◆ Provided material ◆
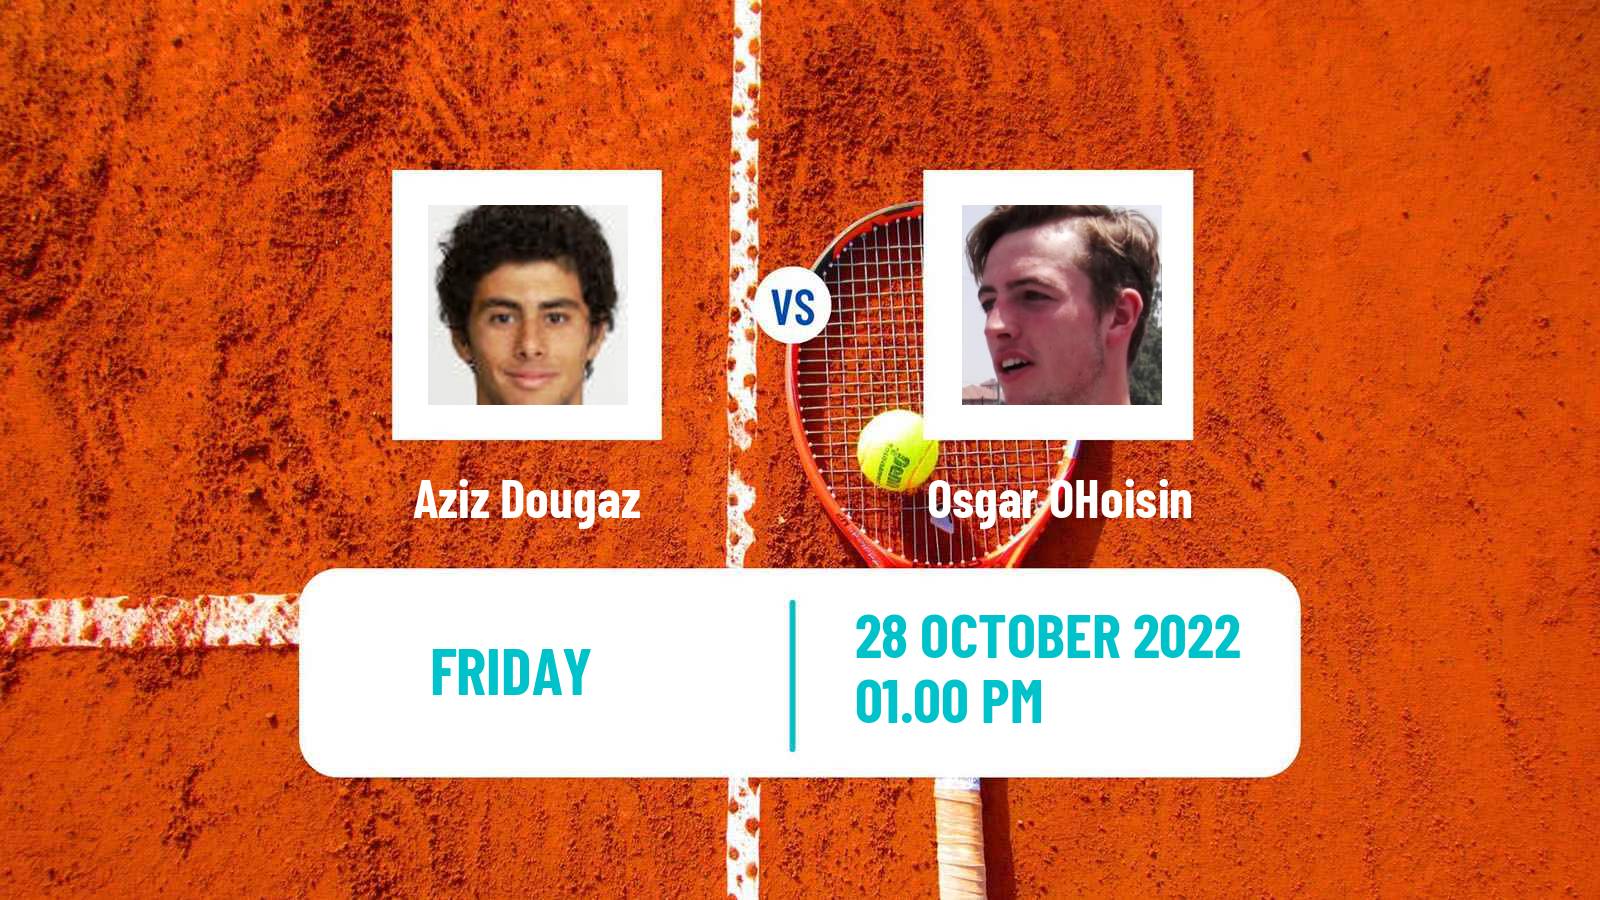 Tennis ITF Tournaments Aziz Dougaz - Osgar OHoisin
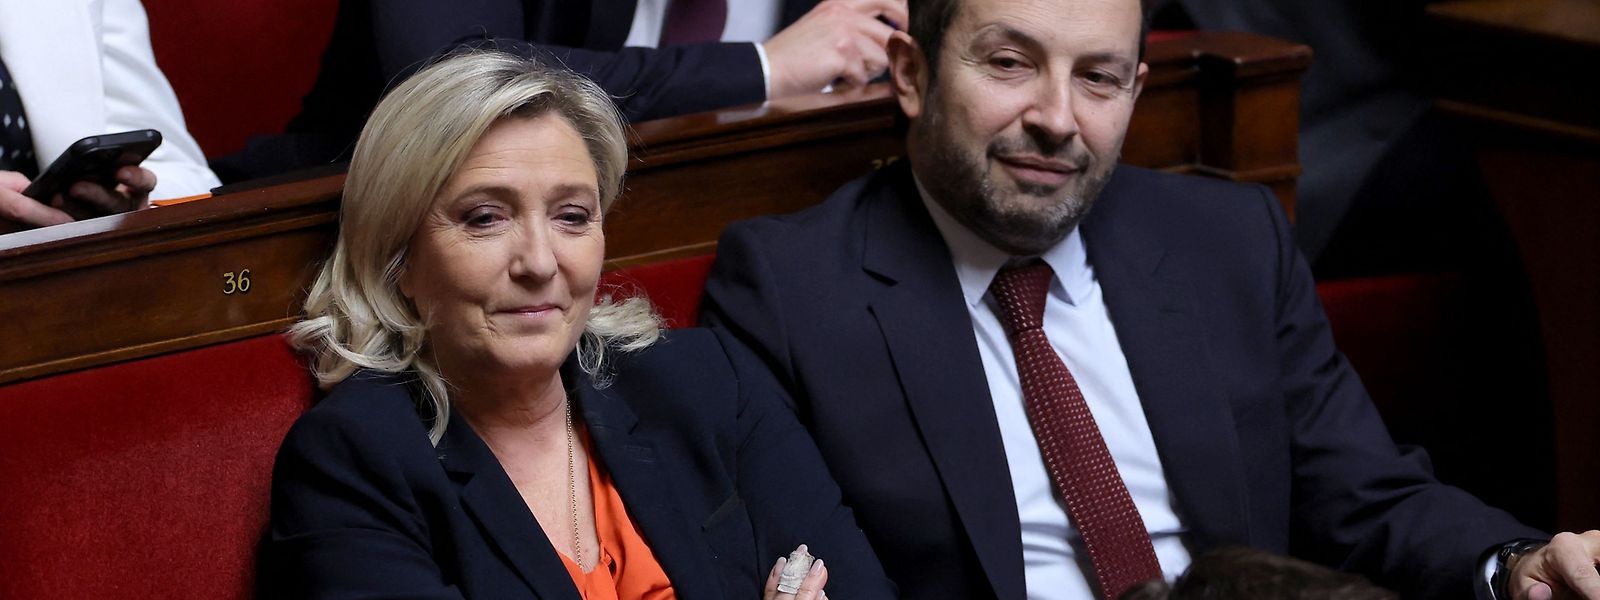 Wenn zwei sich streiten, freut sich die Dritte: Marien Le Pen und ihr "Rassemblement National" könnten aus den Protesten gegen die geplante Rentenreform politisch gestärkt hervorgehen.
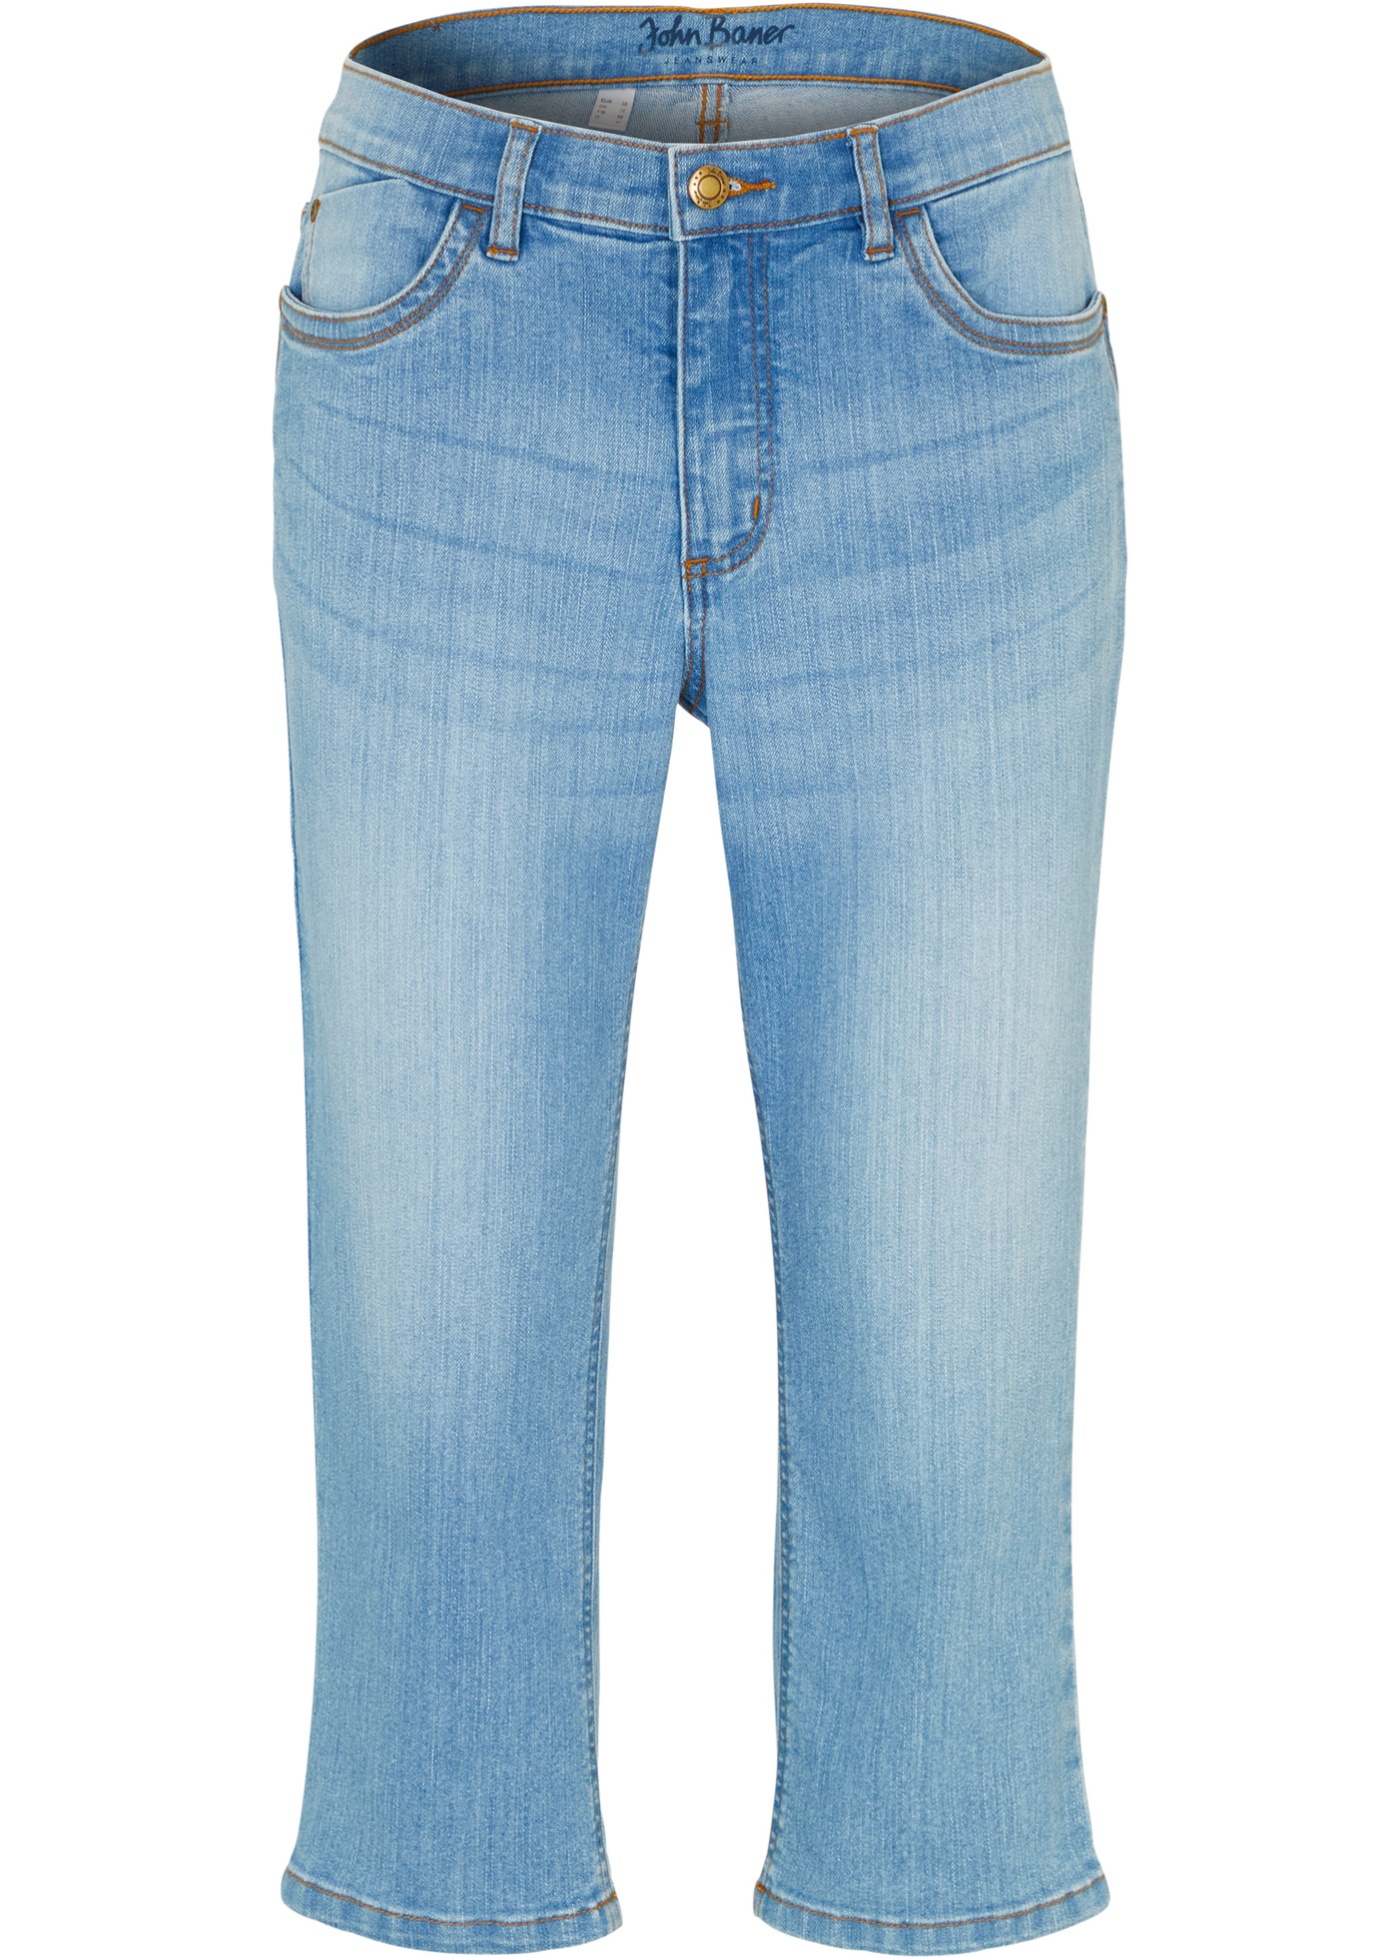 Stretch capri jeans
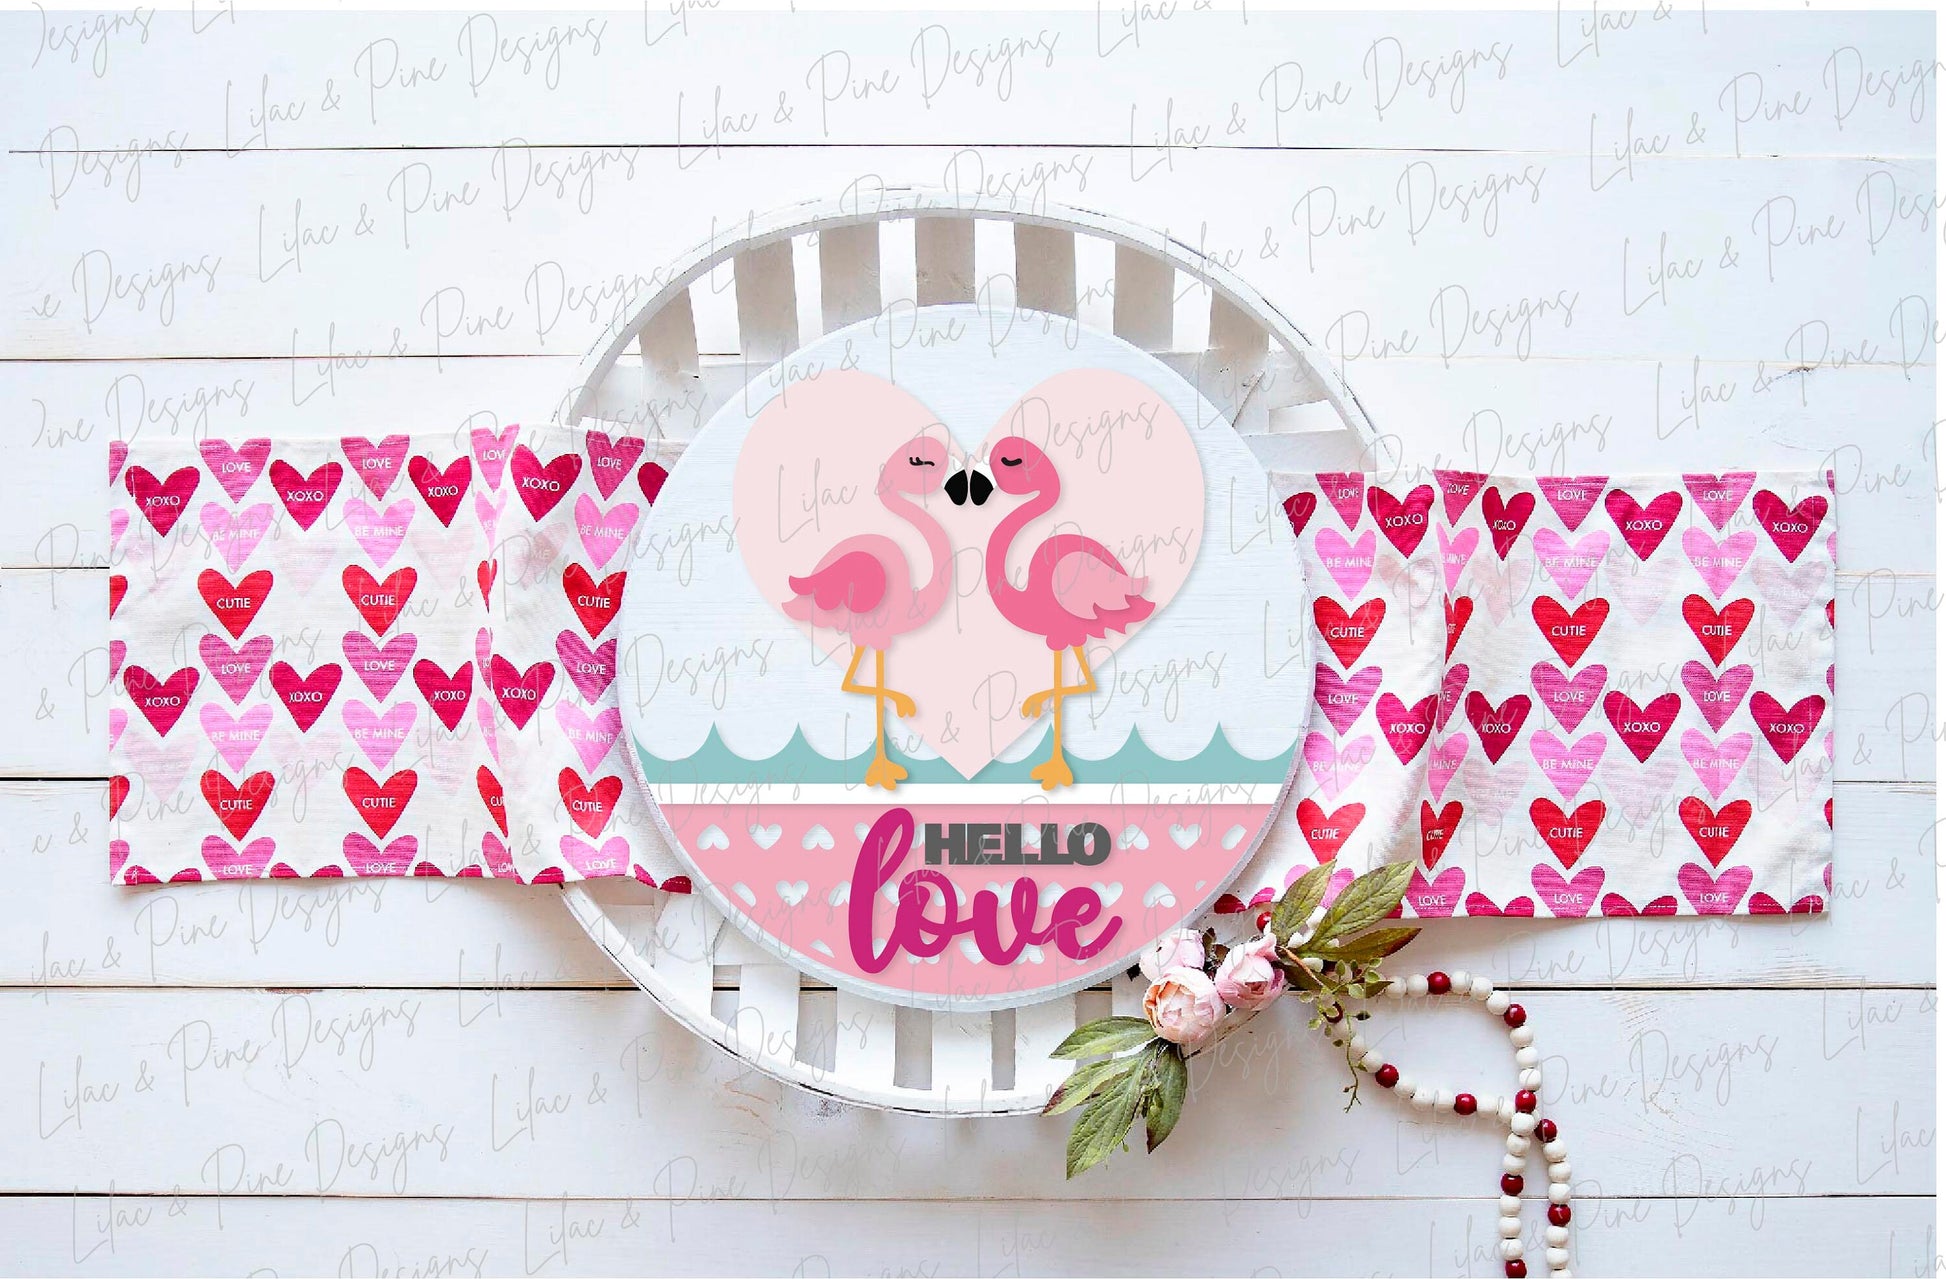 Flamingo door hanger SVG, Valentine round sign, Hello Love Welcome sign, Valentine's Day decor svg, Glowforge SVG, laser cut file

◆ The task ◆
Set down all of the material word for word, minus its pictures.

◆ Exercise solution ◆
 Tennis ITF Tournaments Aziz Dougaz - Osgar OHoisin
 Wenn zwei sich streiten, freut sich die Dritte: Marien Le Pen und ihr "Rassemblement National" könnten aus den Protesten gegen die geplante Rentenreform politisch gestärkt hervorgehen.
 Stretch capri jeans
 Flamingo door hanger SVG, Valentine round sign, Hello Love Welcome sign, Valentine's Day decor svg, Glowforge SVG, laser cut file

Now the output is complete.